Example Wavesynth Program

The following example wavesynth program configures a PDQ stack with a single board, three DAC channels.

It configures a single frame (the first and only) consisting of a single triggered segment with three lines. The total frame duration is 80 cycles. The following waveforms are emitted on the three channels:

  • A quadratic smooth pulse in bias amplitude from 0 to 0.8 V and back to zero.
  • A cubic smooth step from 1 V to 0.5 V, followed by 40 cycles of constant 0.5 V and then another cubic step down to 0 V.
  • A sequence of amplitude shaped pulses with varying phase, frequency, and chirp.
wavesynth_program = [
    [
        {
            "trigger": True,
            "duration": 20,
            "channel_data": [
                {"bias": {"amplitude": [0, 0, 2e-3]}},
                {"bias": {"amplitude": [1, 0, -7.5e-3, 7.5e-4]}},
                {"dds": {
                    "amplitude": [0, 0, 4e-3, 0],
                    "phase": [.25, .025],
                }},
            ],
        },
        {
            "duration": 40,
            "channel_data": [
                {"bias": {"amplitude": [.4, .04, -2e-3]}},
                {"bias": {
                    "amplitude": [.5],
                    "silence": True,
                }},
                {"dds": {
                    "amplitude": [.8, .08, -4e-3, 0],
                    "phase": [.25, .025, .02/40],
                    "clear": True,
                }},
            ],
        },
        {
            "duration": 20,
            "channel_data": [
                {"bias": {"amplitude": [.4, -.04, 2e-3]}},
                {"bias": {"amplitude": [.5, 0, -7.5e-3, 7.5e-4]}},
                {"dds": {
                    "amplitude": [.8, -.08, 4e-3, 0],
                    "phase": [-.25],
                }},
            ],
        },
    ]
]

The following figure compares the output of the three channels as simulated by the artiq.wavesynth.compute_samples.Synthesizer test tool with the output from a full simulation of the PDQ gateware including the host side code, control commands, memory writing, memory parsing, triggering and spline evaluation.

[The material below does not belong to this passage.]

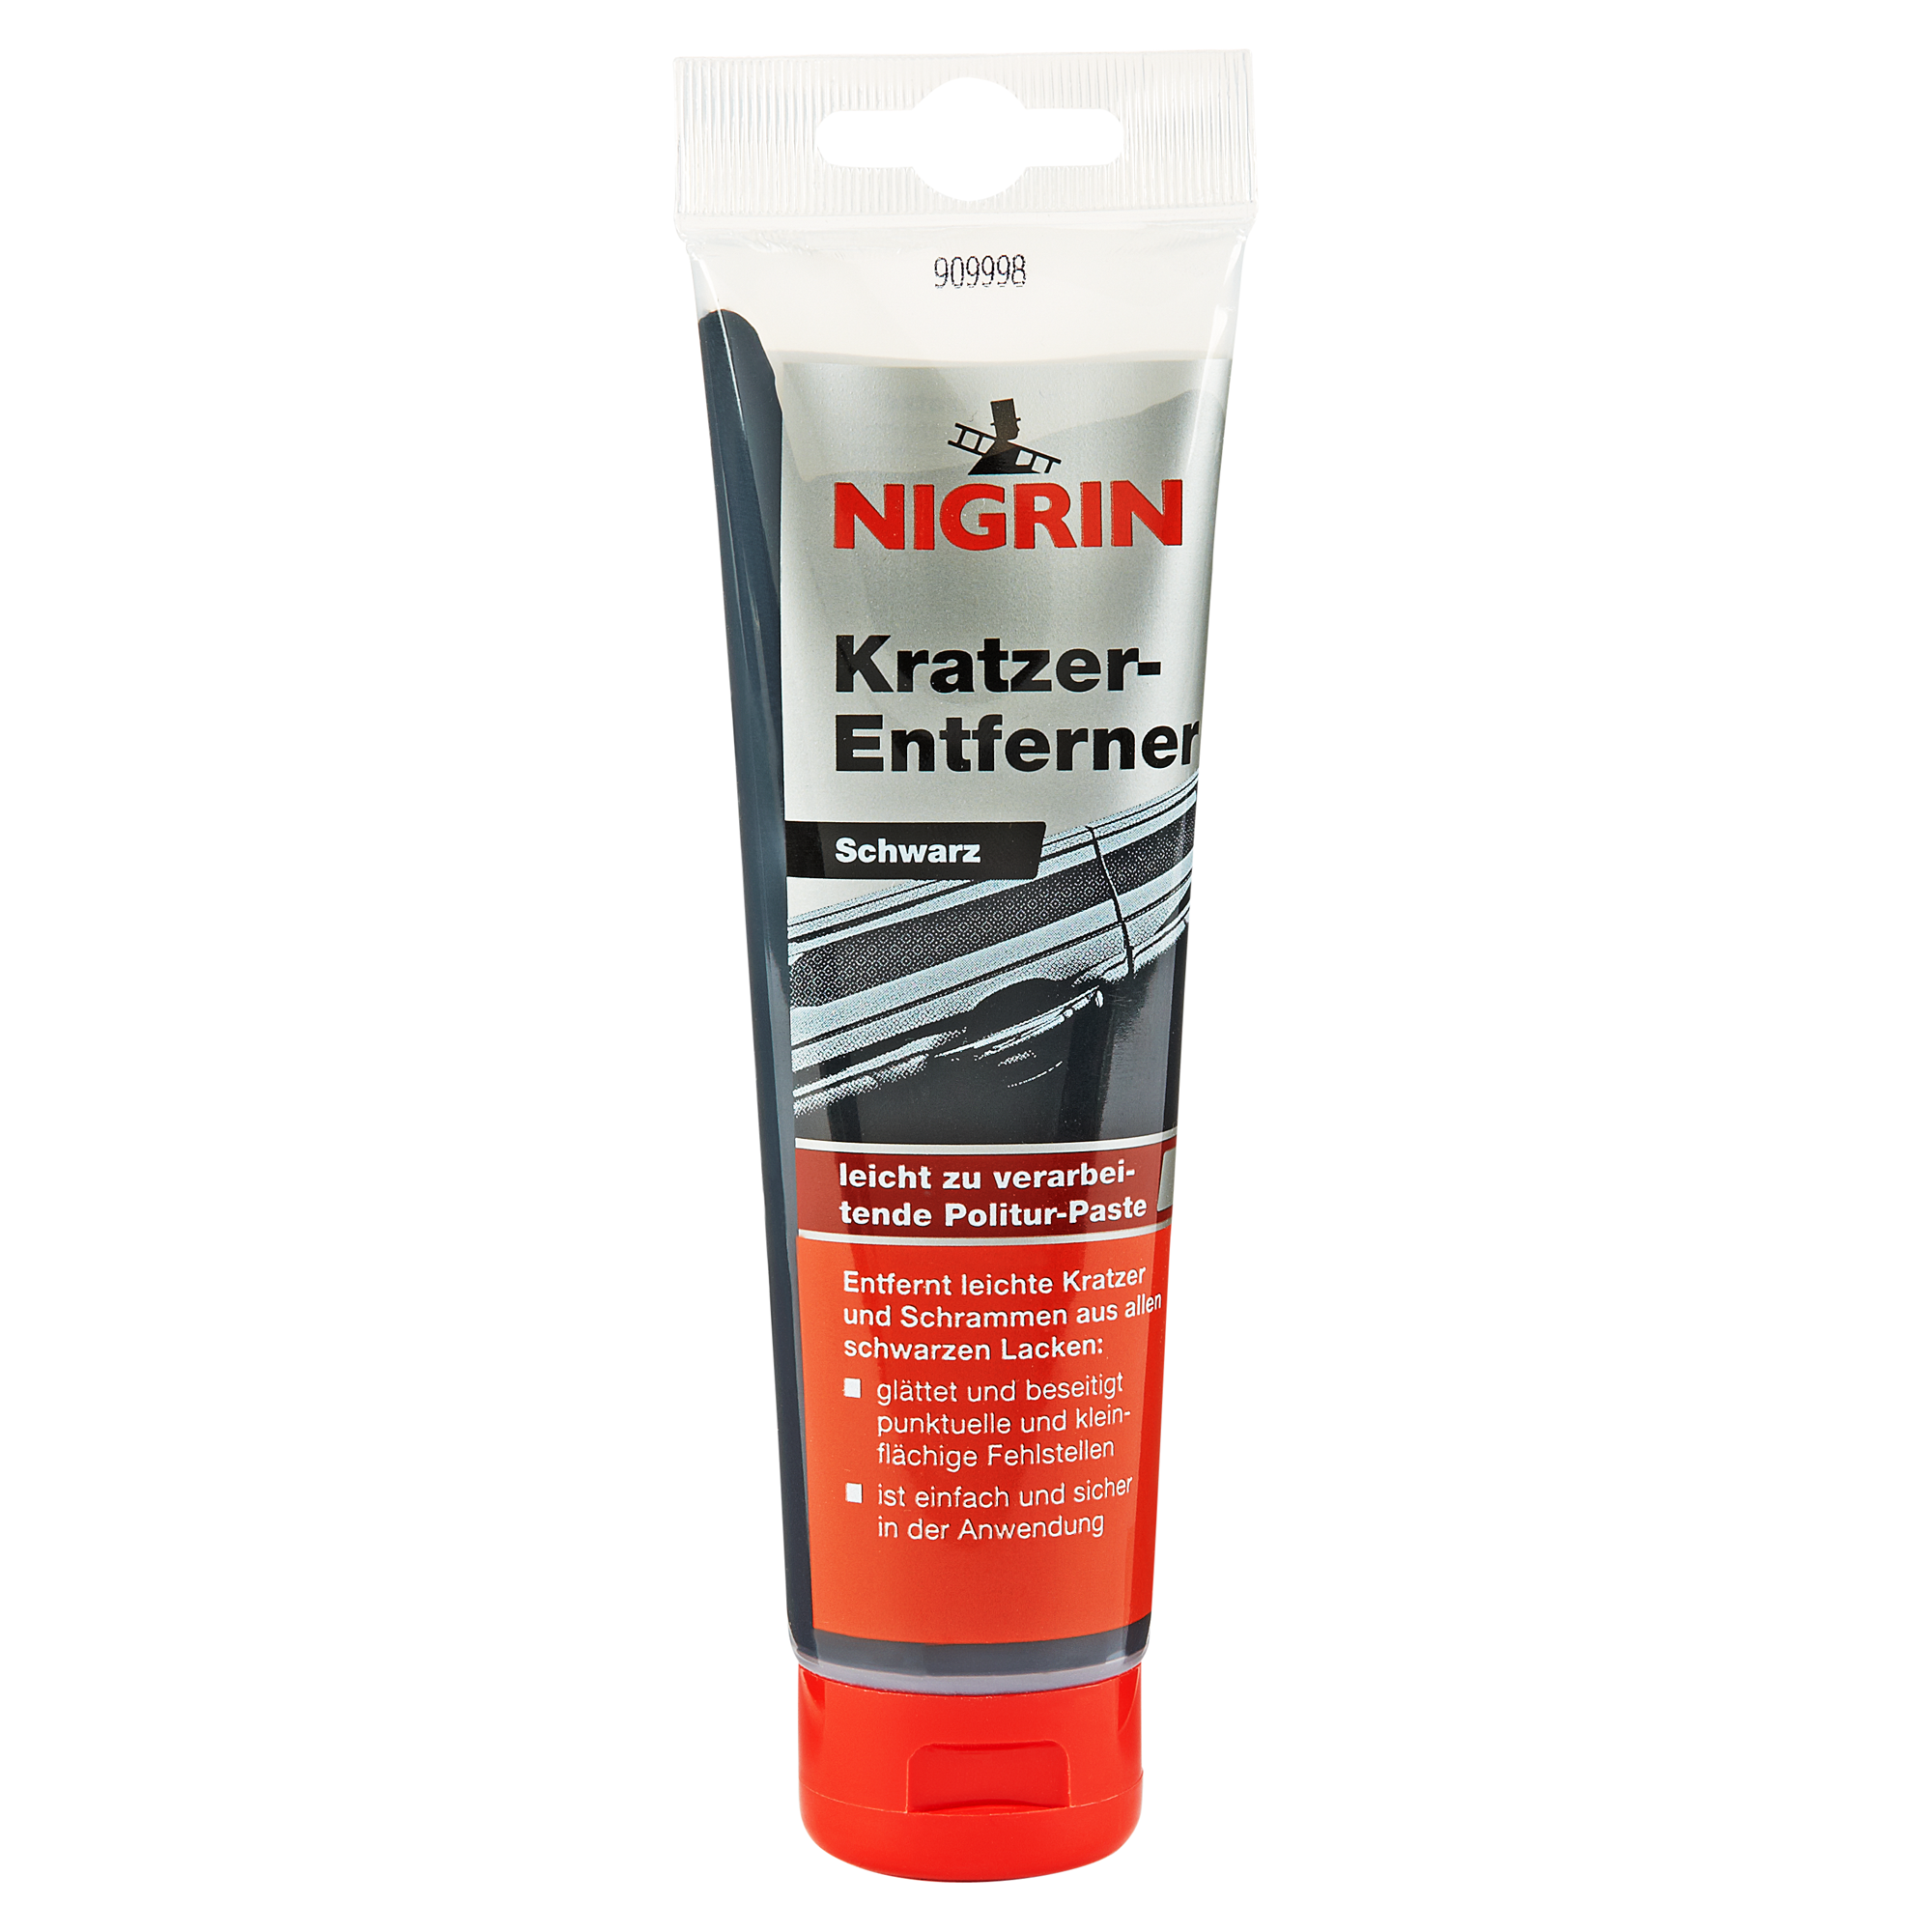 Kratzer-Entferner schwarz 150 g + product picture
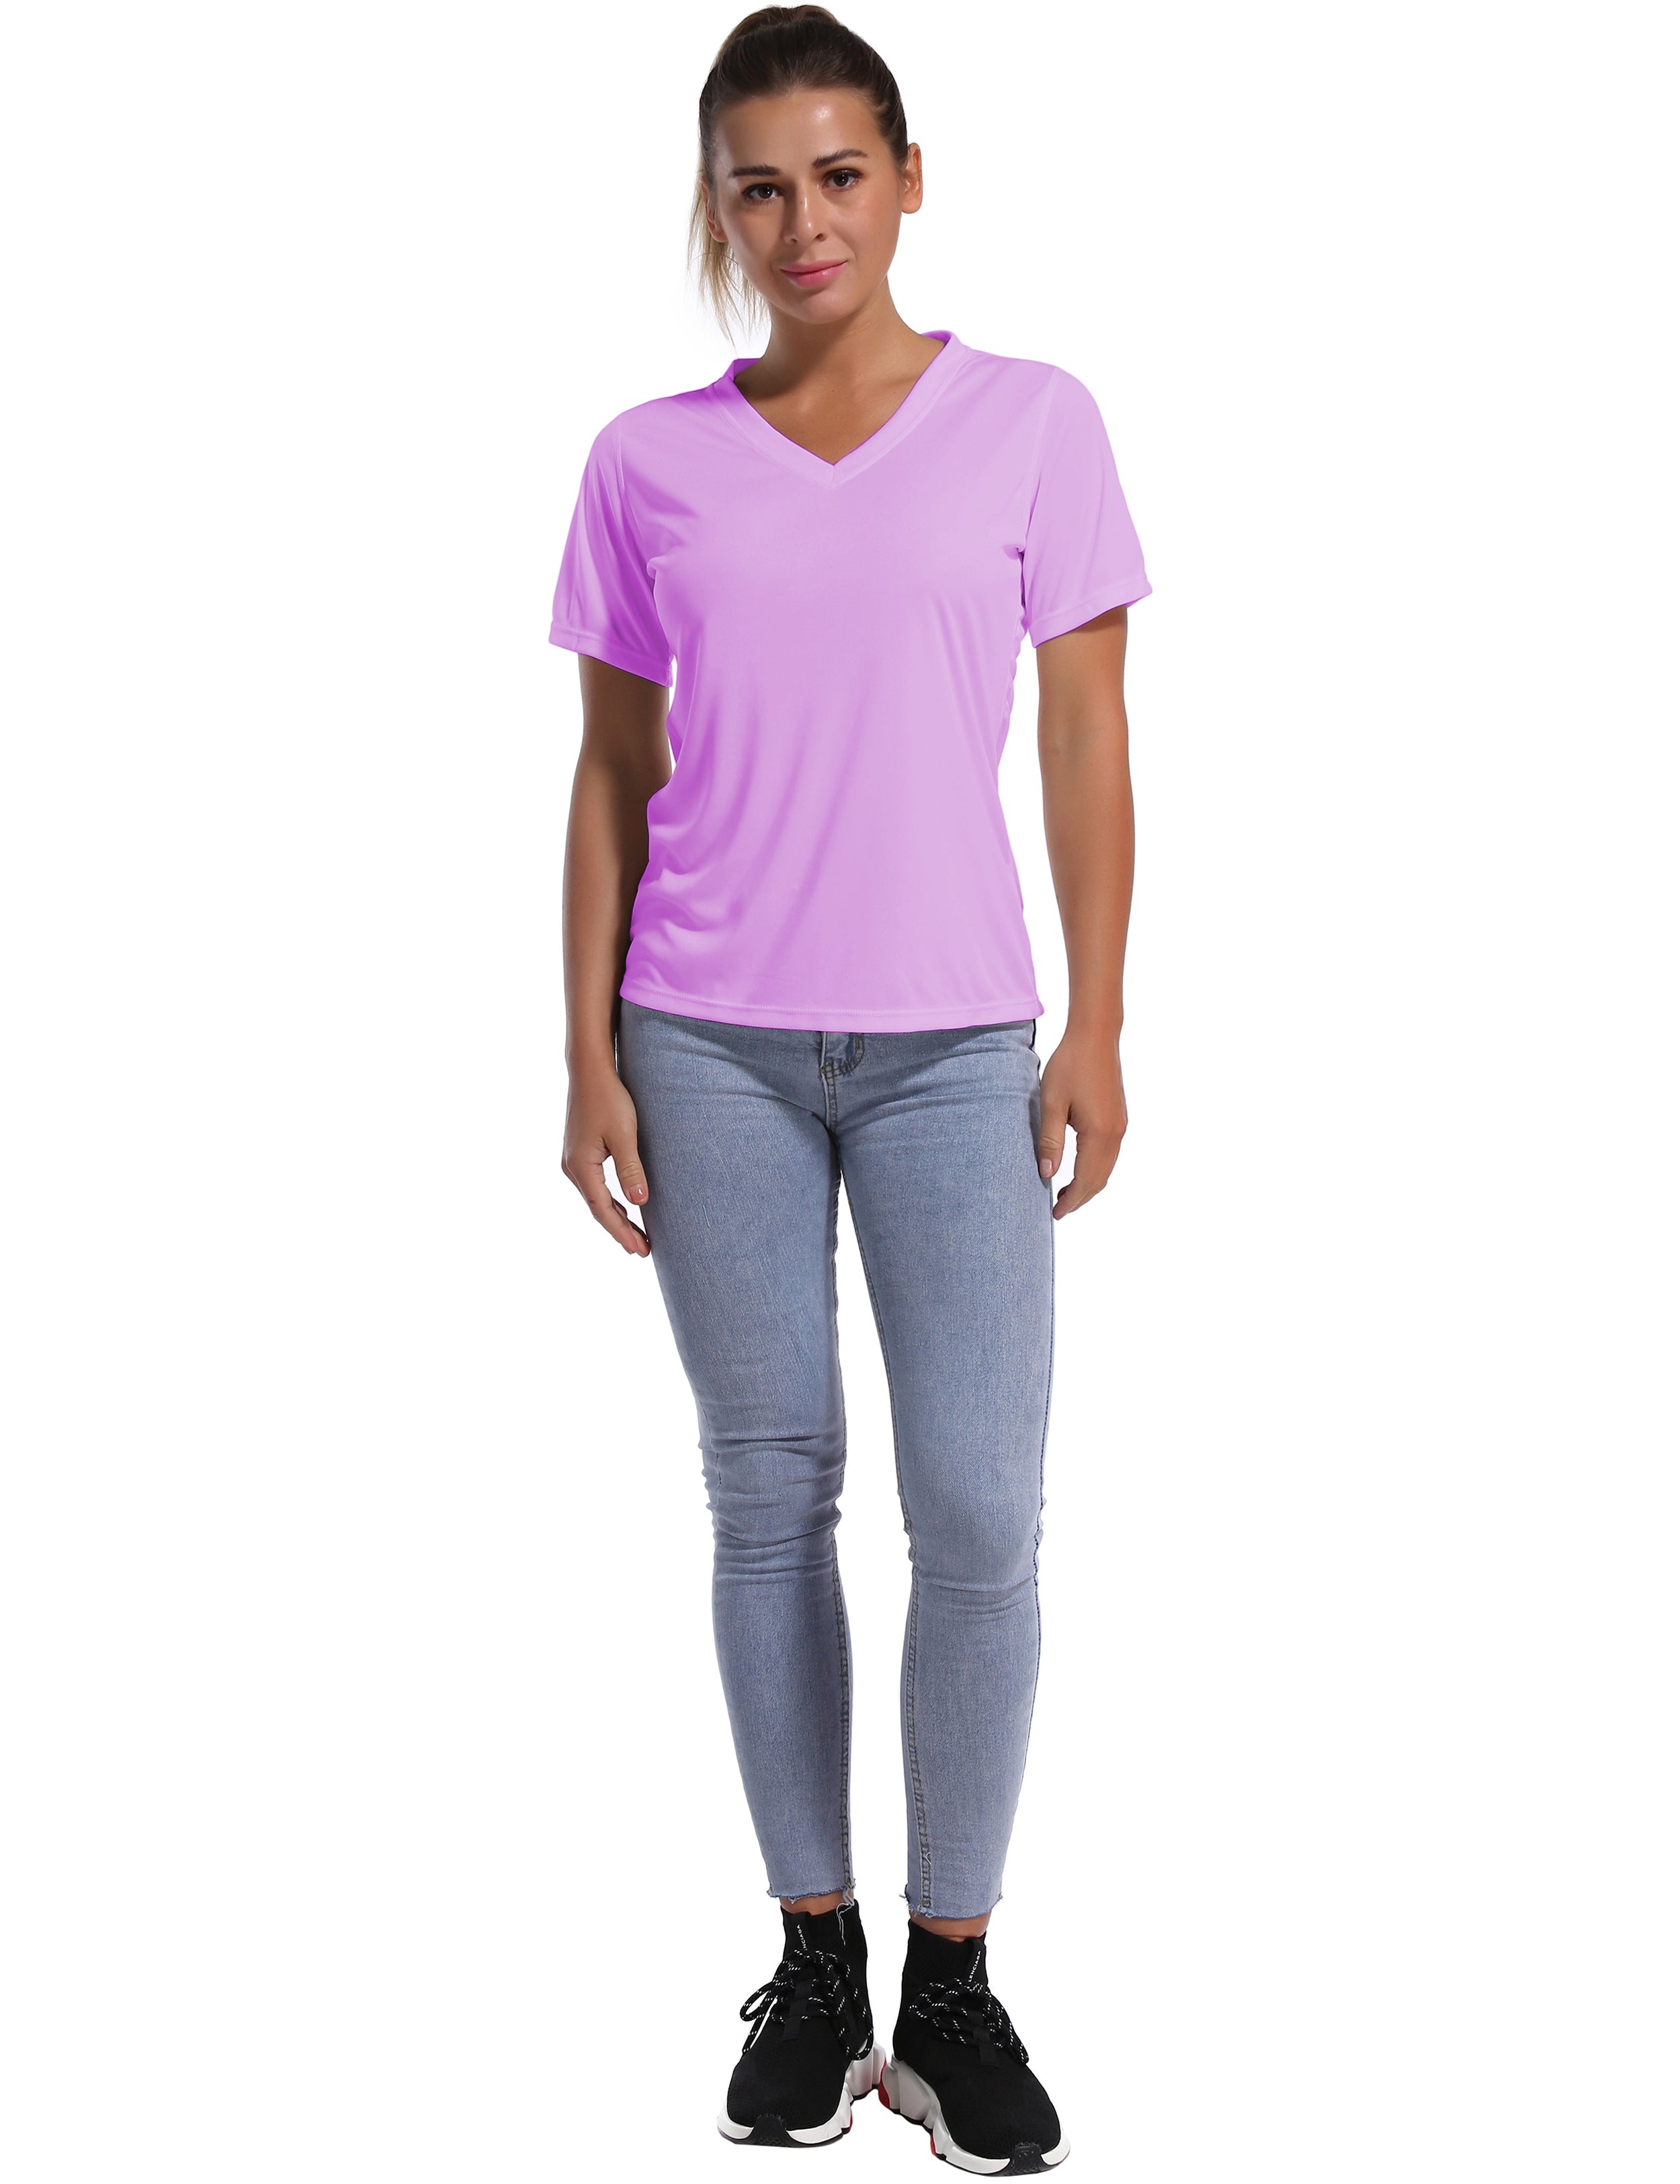 V-Neck Short Sleeve Athletic Shirts purple_Pilates

_images/pdq_wavesynth_test.png

PDQ and Synthesizer outputs for wavesynth test program.

The abcissa is the time in clock cycles, the ordinate is the output voltage of the channel.

The plot consists of six curves, three colored ones from the gateware simulation of the board and three black ones from the Synthesizer verification tool. The colored curves should be masked by the black curves up to integer rounding errors.

The source of this unittest is part of ARTIQ at artiq.test.test_pdq.TestPdq.test_run_plot.